Aquí tenes un post interesante.


Lampara para *proyector* comercial


----------



## elgriego (Dic 2, 2013)

Hola josebla,Tu pedido es un tanto ,amplio,te dare algo de mi humilde experiencia en el asunto,vamos a analizar,la falla mas frecuente que suelen presentar los proyectores que utilizan lamparas UHP,y La fallas de las mismas,Estas lamparas utilizan un principio similar a las lamparas de descarga de vapor de mercurio utilizadas en alumbrado publico,al igual que estas ,se agotan luego de un periodo de vida.

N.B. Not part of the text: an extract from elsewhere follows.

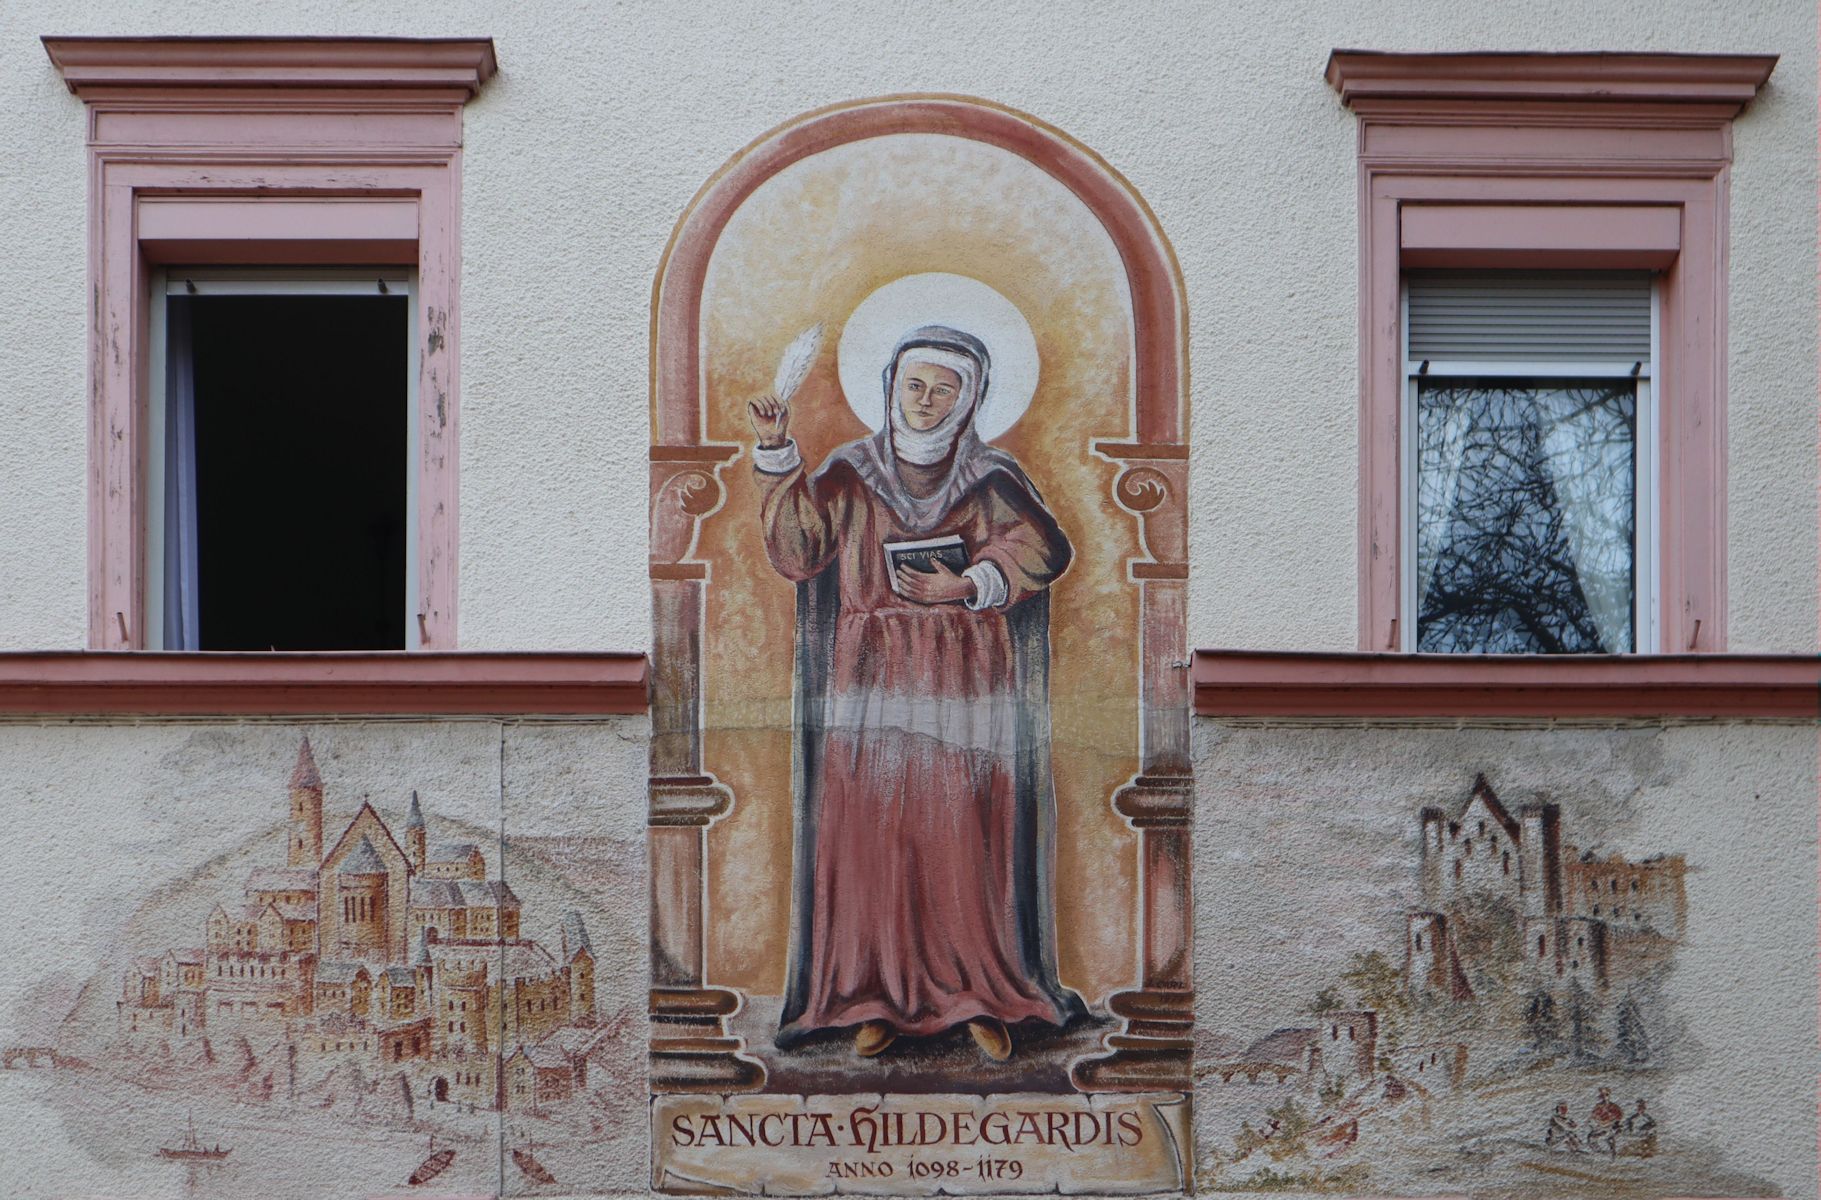 Wandmalerei: Hildegard mit ihren Klöstern Rupertusberg (links) und Eibingen (rechts), an einem Haus neben der Kirche St. Martin in Bingen

En los proyectores DLP,estas lamparas funcionan con una fuente especial ,(balasto)La cual proporciona,una tension alterna de arranque ,del orden de los 5Kv a 20kv ,segun el modelo. Una ves que la lampara entro en su regimen nominal de trabajo ,esta tension cae ,a unos 80 a 100v,El proyector ,cuenta con un sistema de monitoreo,el cual determina que si la tension de alimentacion en regimen de trabajo,supera los 120v ,apaga la a la lampara debido a que determina ,que la misma esta agotada,Esta tension se puede medir con un multimetro en alterna,Pero luego de que la lampara arranco ,(Da luz)Ya que si conectamos nuestro instrumento en el momento del inicio de la ignicion de la lampara,olvidemonos del Tester,Entonces si esta tension,esta un poco mas arriba de los 100v ,debemos sospechar, de la   restante vida util de la lampara.
Por lo general la mayoria de los problemas,de estos equipos se producen en sus fuentes de alimentacion,otra cosa que debemos verificar es el correcto funcionamiento de los ventiladores encargados de mantener el equipo dentro de un regimen seguro de funcionamiento,otra cosa ,que da problemas ,son los swich de proteccion ,el mal funcionamiento de estos ,provoca el no encendido de la lampara.
Otra cosa a tener en cuenta para saber el estado de la lampara es observar cuantos intentos hace para arrancar ,por lo general las lamparas nuevas efectuan una descarga ,y entran en regimen de funcionamiento,A medida que estas descargas se incrementan ,en 2,3 veces etc,son clara evidencia del agotamiento de la lampara,A veces tambien esto puede estar provocado ,por el mal funcionamiento del balasto.
Como en todo equipo electronico de alta complejidad,es necesario poseer imformacion tecnica del mismo,:estudiando:y una solida Base teorica practica en Electronica.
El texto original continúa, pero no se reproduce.